Purpose : Functional visual acuity (FVA) examination is a useful tool for continuous measurement of visual acuity and evaluation of the quality of vision (QOV). In this study, we report the changes of FVA after levator resection in involutional blepharoptosis.

Methods : Patients diagnosed with involutional blepharoptosis and underwent bilateral levator resection in the Department of Ophthalmology, Ehime University were studied. A total of 6 males 12 eyes and 8 females 16 eyes were investigated. The average age was 71.4 ± 6.8yrs. MRD1 was determined and FVA was examined before and at one month after surgery using FVA-100 (NIDEK, Japan). The FVA, visual maintenance ratio (VMR), highest VA (HVA), lowest VA (LVA), average response time (ART) were comparatively analyzed.
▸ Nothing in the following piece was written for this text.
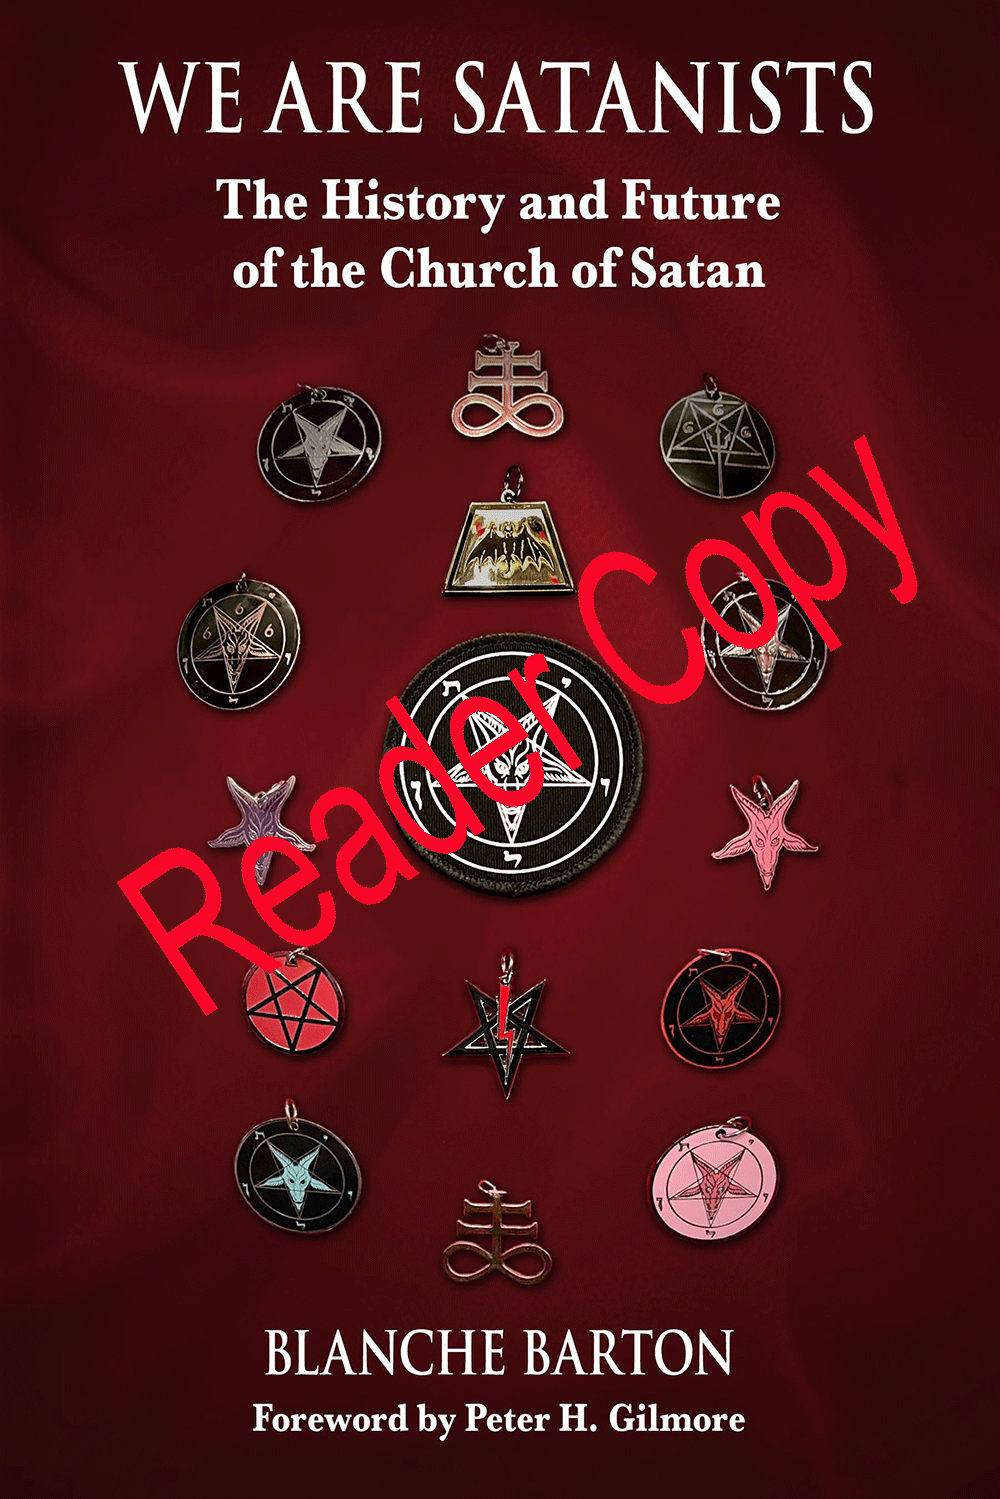 WE ARE SATANISTS by Blanche Barton (Reader Copy)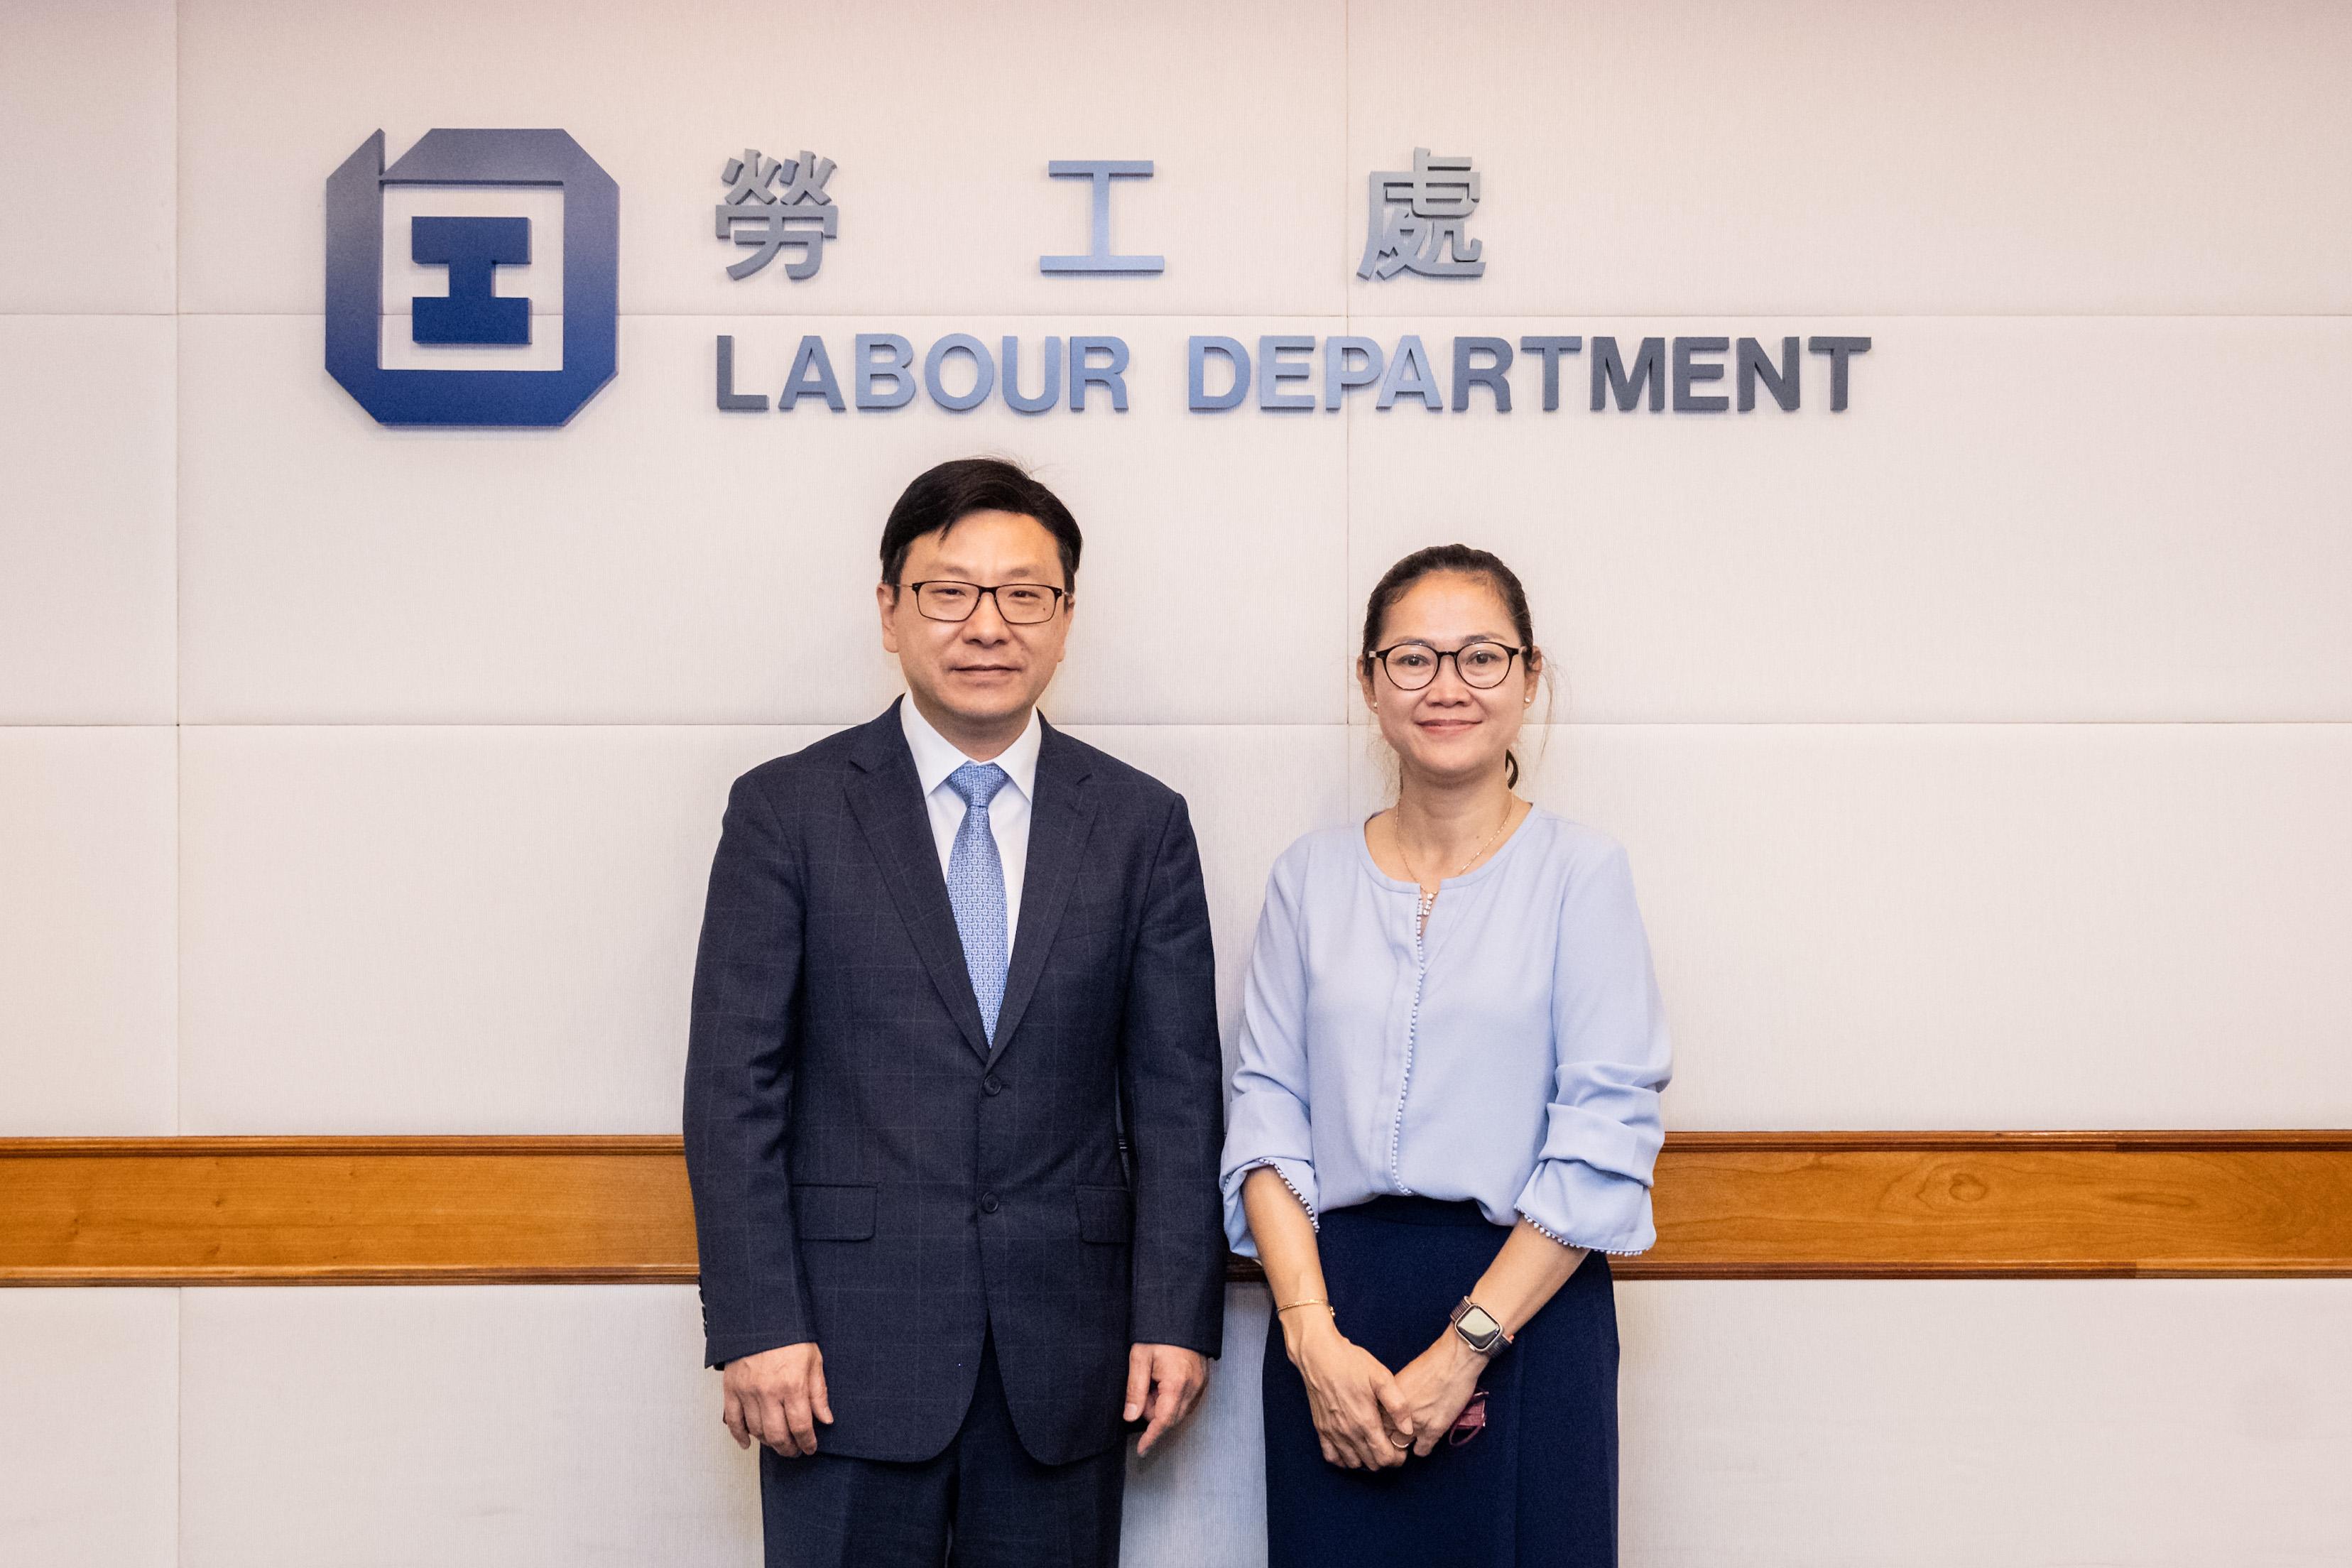 The Secretary for Labour and Welfare, Mr Chris Sun (left), met the Consul-General of the Kingdom of Cambodia in Hong Kong, Ms Pech Puthisathbopeaneaky (right), on the afternoon of August 8 to exchange views on widening the sources of foreign domestic helpers (FDHs). Mr Sun encouraged and welcomed more nationals from Cambodia to come to Hong Kong to work as FDHs. Representatives of the Labour Department also attended the meeting.

Results : The FVA and VMR both increased significantly after surgery (P=0.011, P=0.015, respectively, paired t-test). The HVA, LVA and ART showed no significant difference before and after surgery (P=0.215, P=0.453 and P=0.628, respectively). For eyes that had less improvement in FVA, 50% had somehow signs of dry eye symptoms.

Conclusions : Blepharoptosis surgery improves FVA and VMR. Dry eye syndrome should be kept in mind as a risk factor that may hamper the improvement of QOV.

This abstract was presented at the 2019 ARVO Annual Meeting, held in Vancouver, Canada, April 28 - May 2, 2019.